INSTRUCTIONS FOR THE TASK = Take the lines below from the one with "Goldstone Lutheran Church" through the one with "1973 varsity sport vintage touring road bike" and retype them exactly. Include nothing else, and no pictures.

PROVIDED MATERIAL =
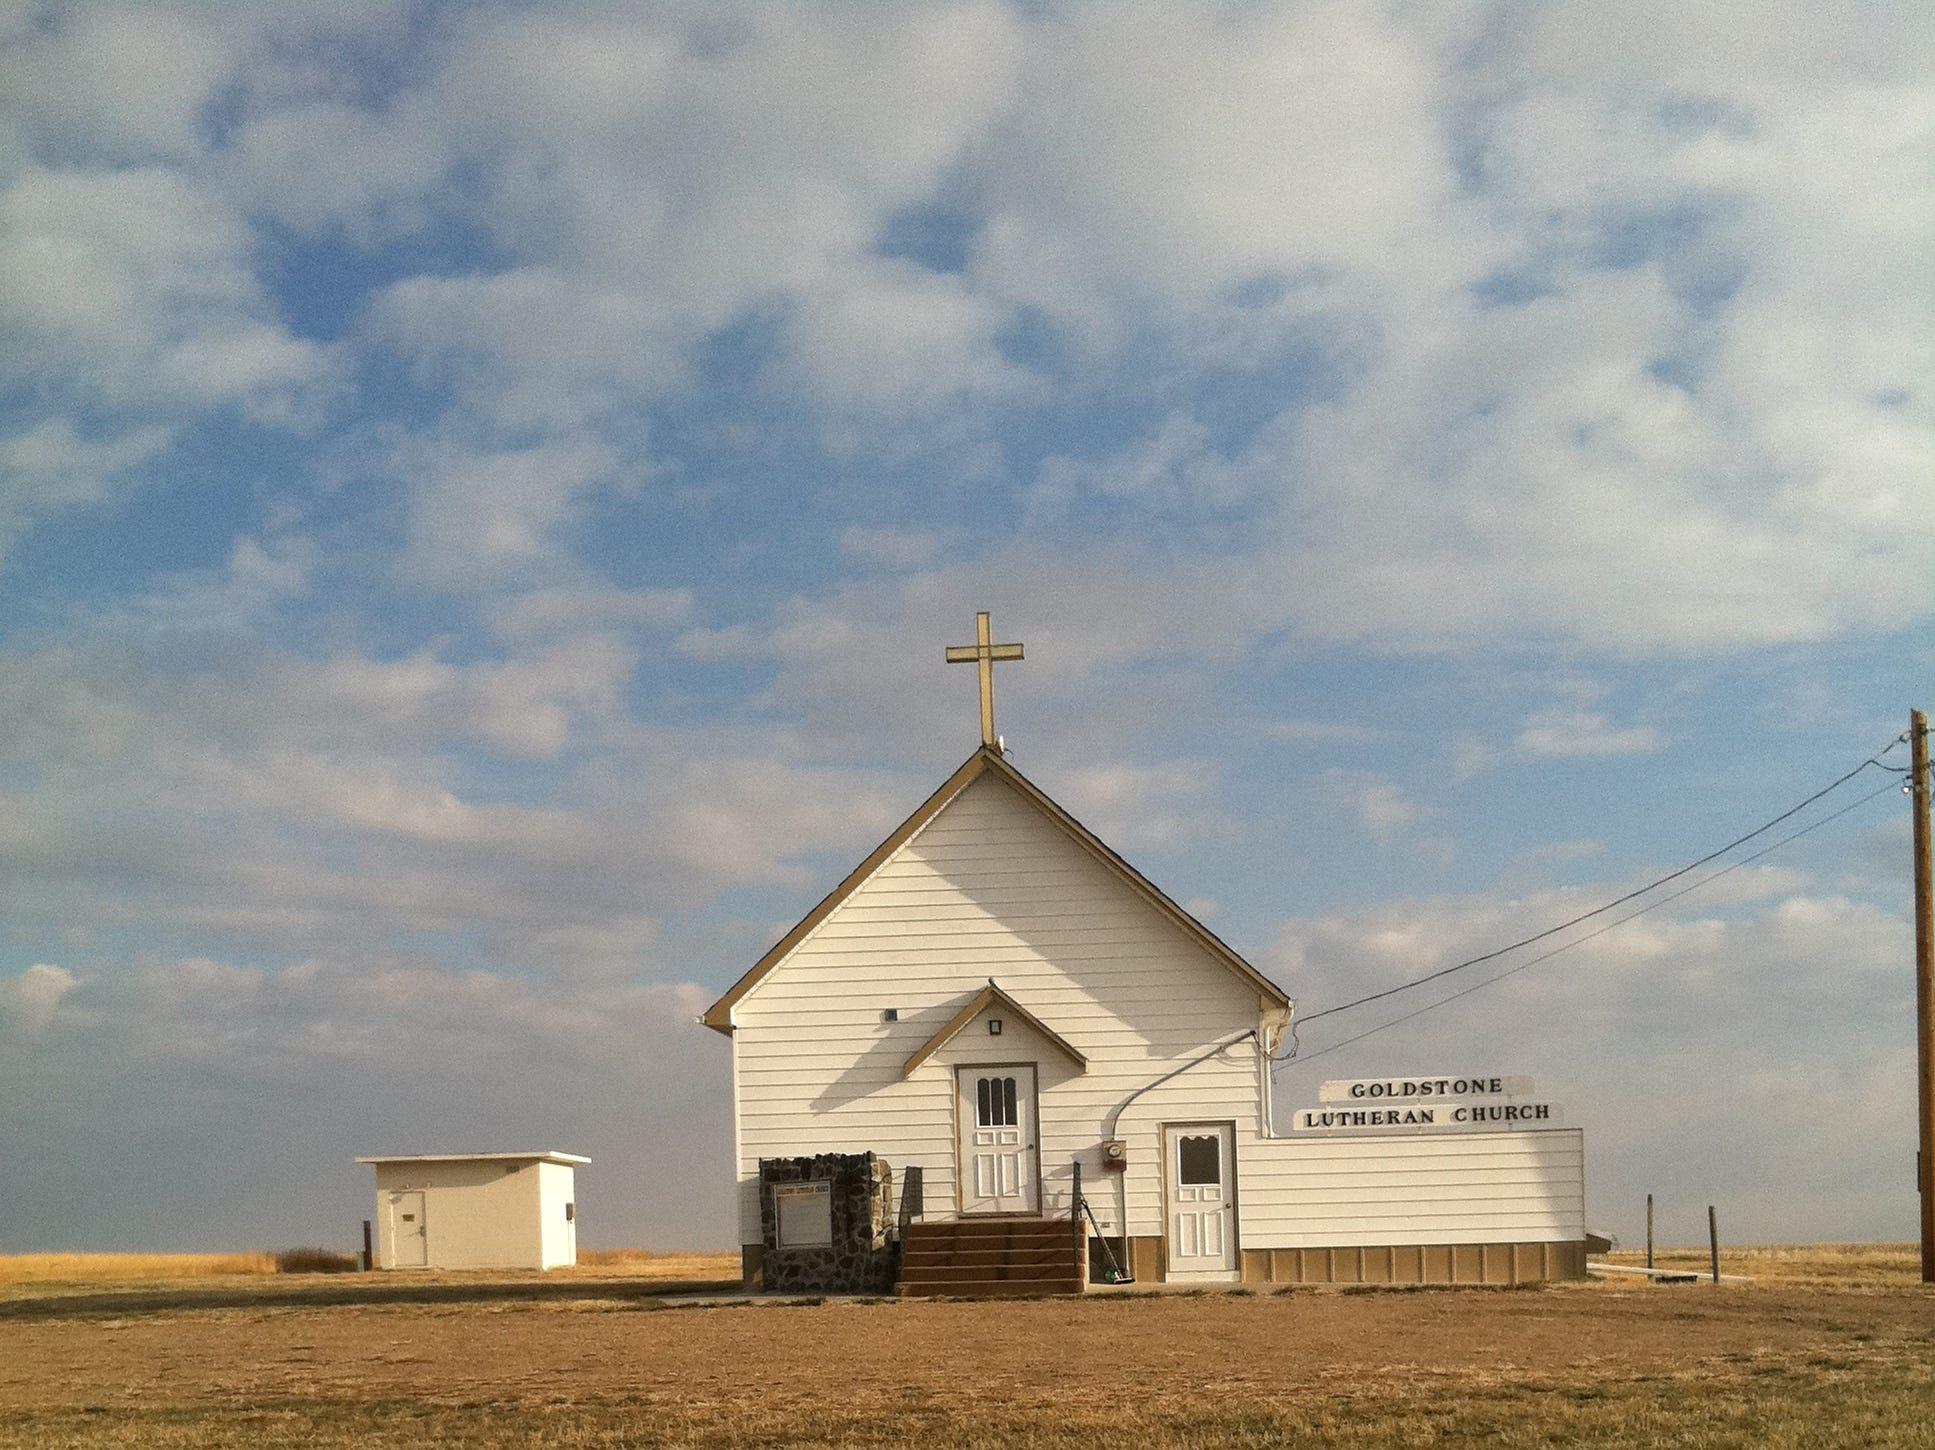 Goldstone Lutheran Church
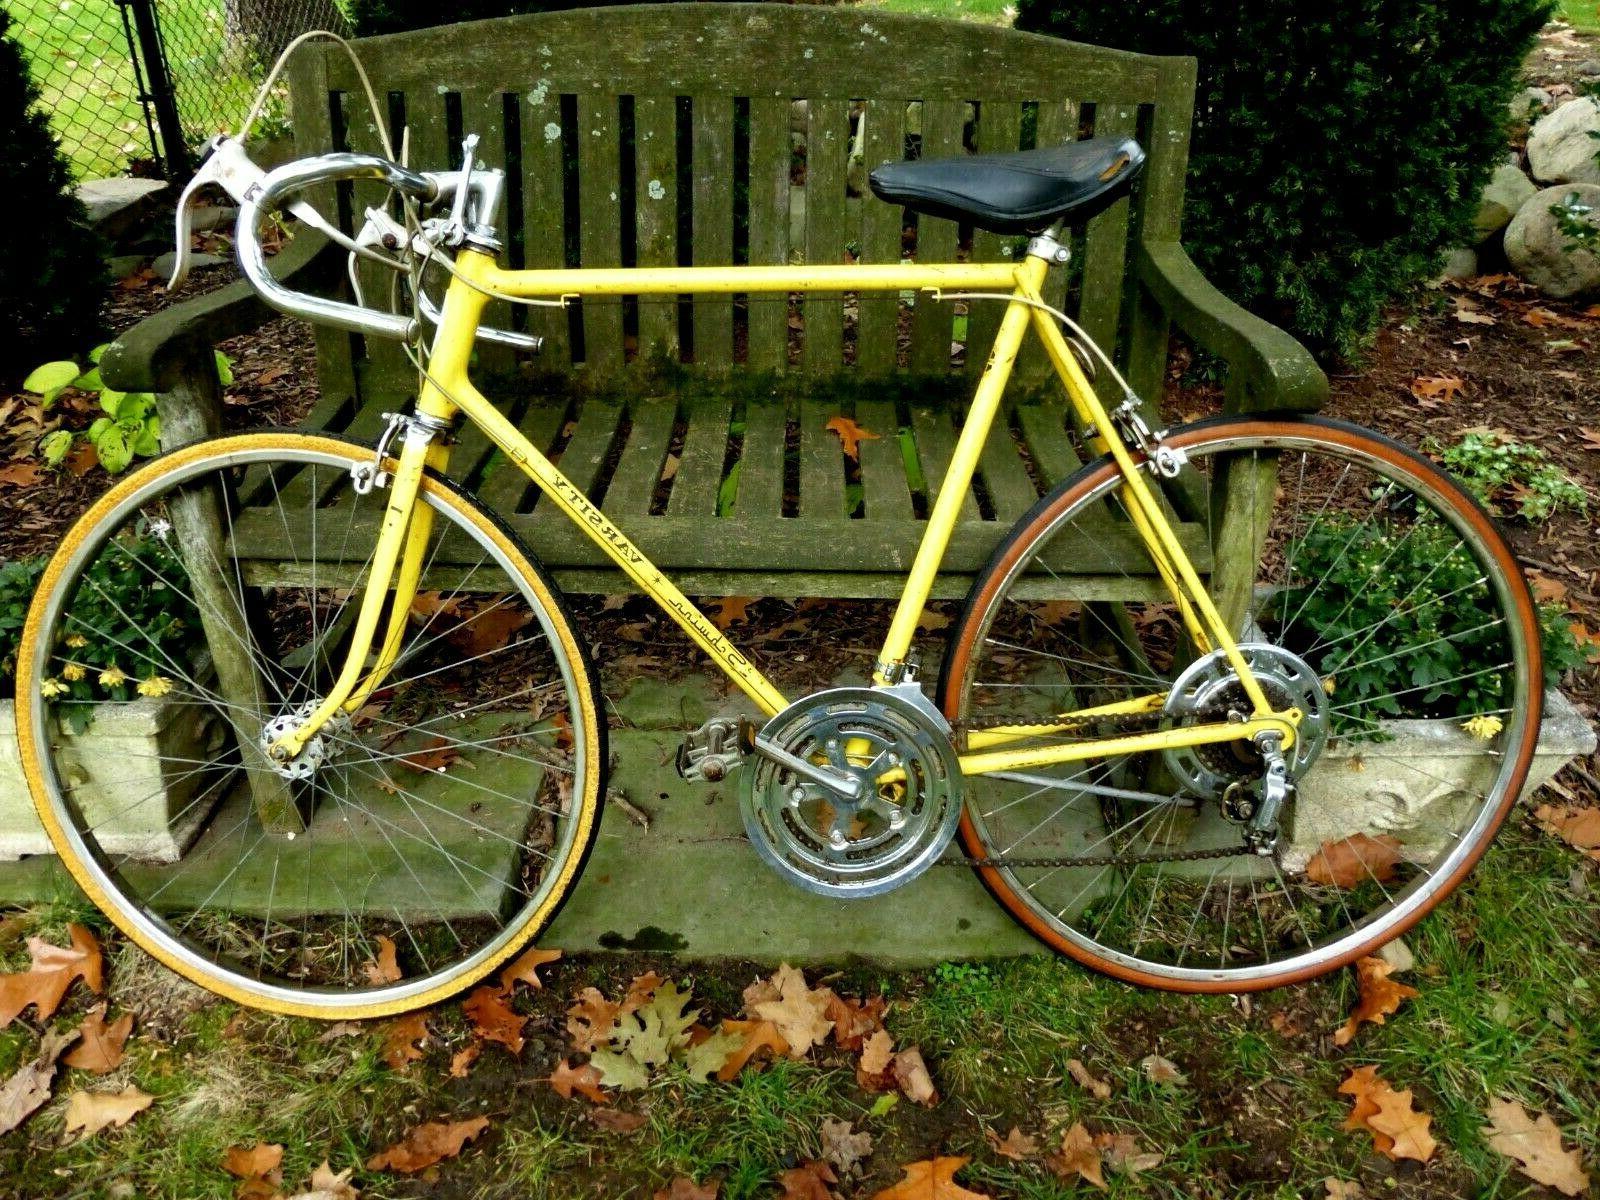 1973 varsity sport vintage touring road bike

--

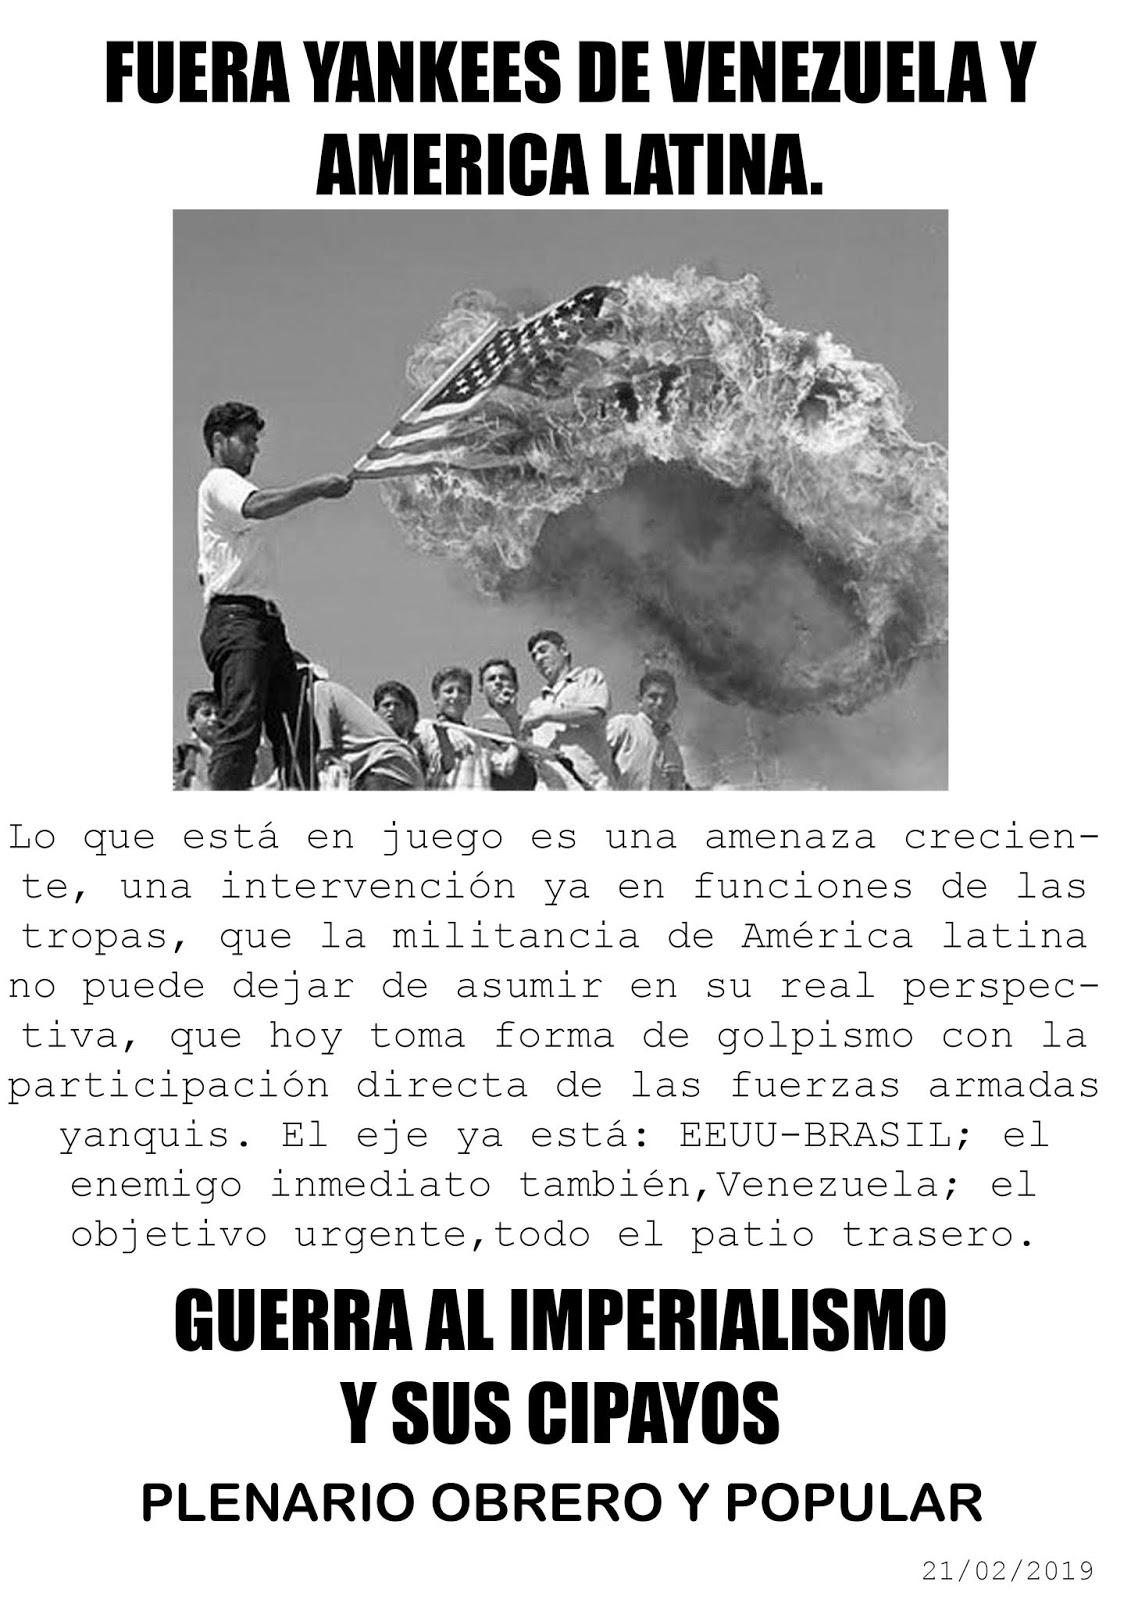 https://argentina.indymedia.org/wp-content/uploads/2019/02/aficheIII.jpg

--

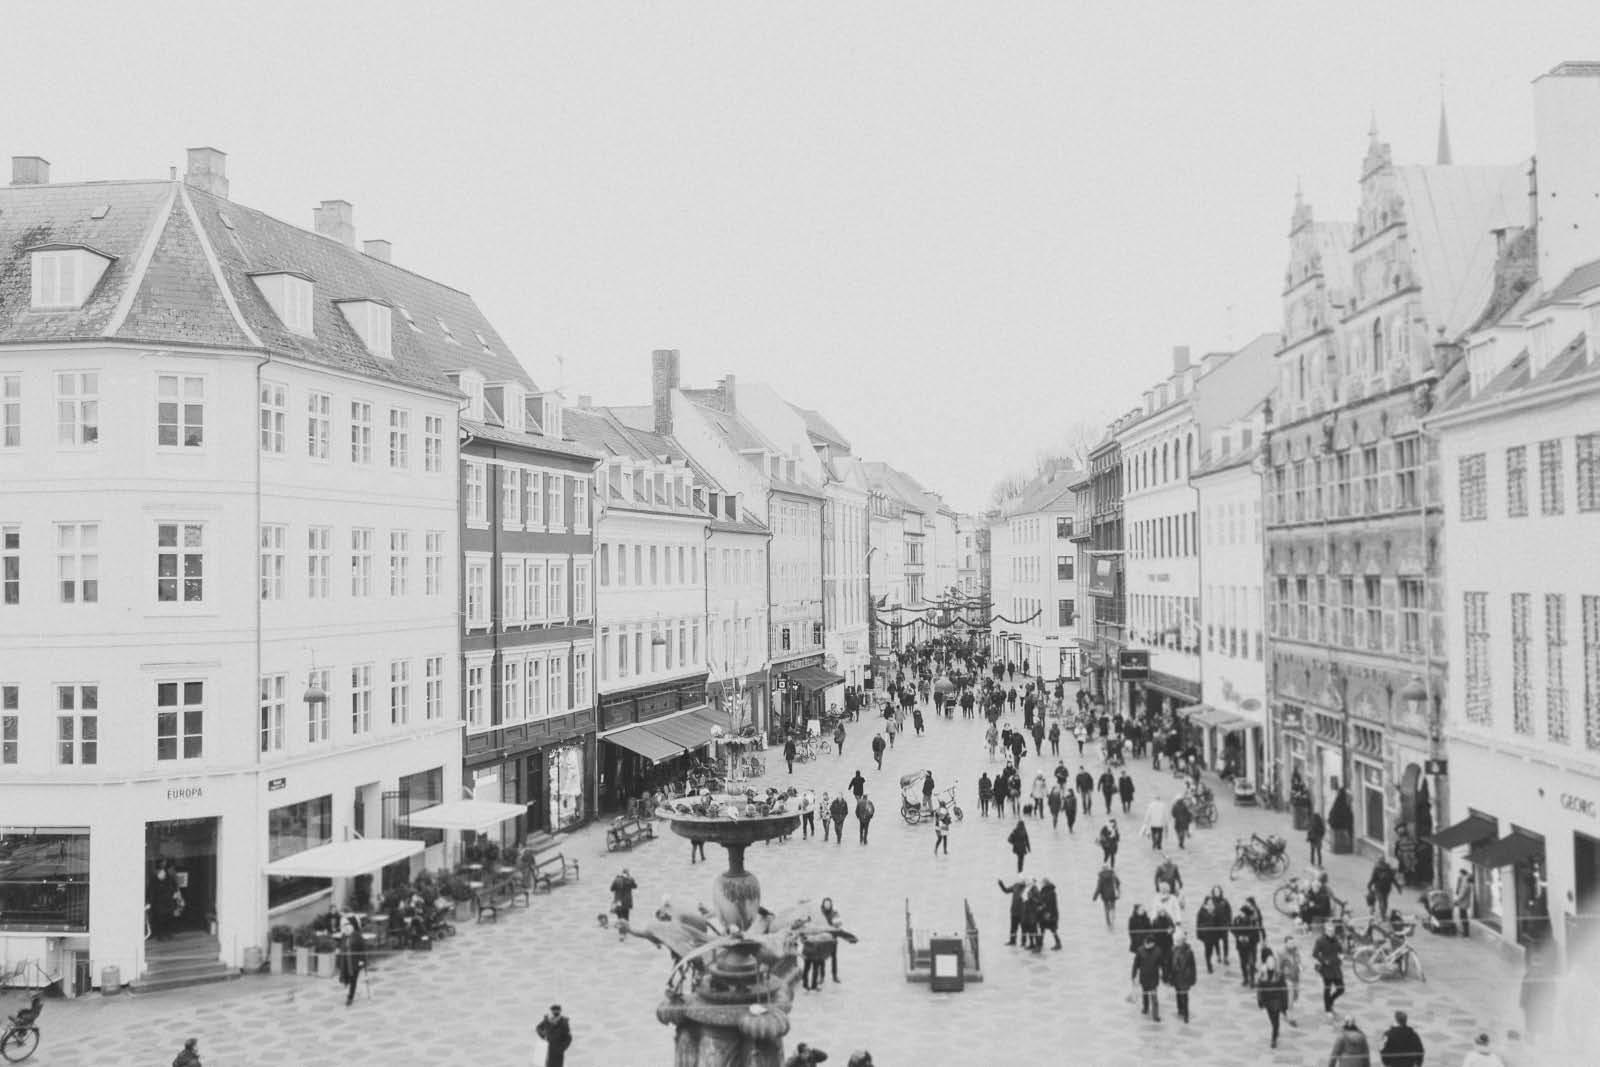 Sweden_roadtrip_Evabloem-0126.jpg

EXERCISE OUTPUT =
 Goldstone Lutheran Church
 1973 varsity sport vintage touring road bike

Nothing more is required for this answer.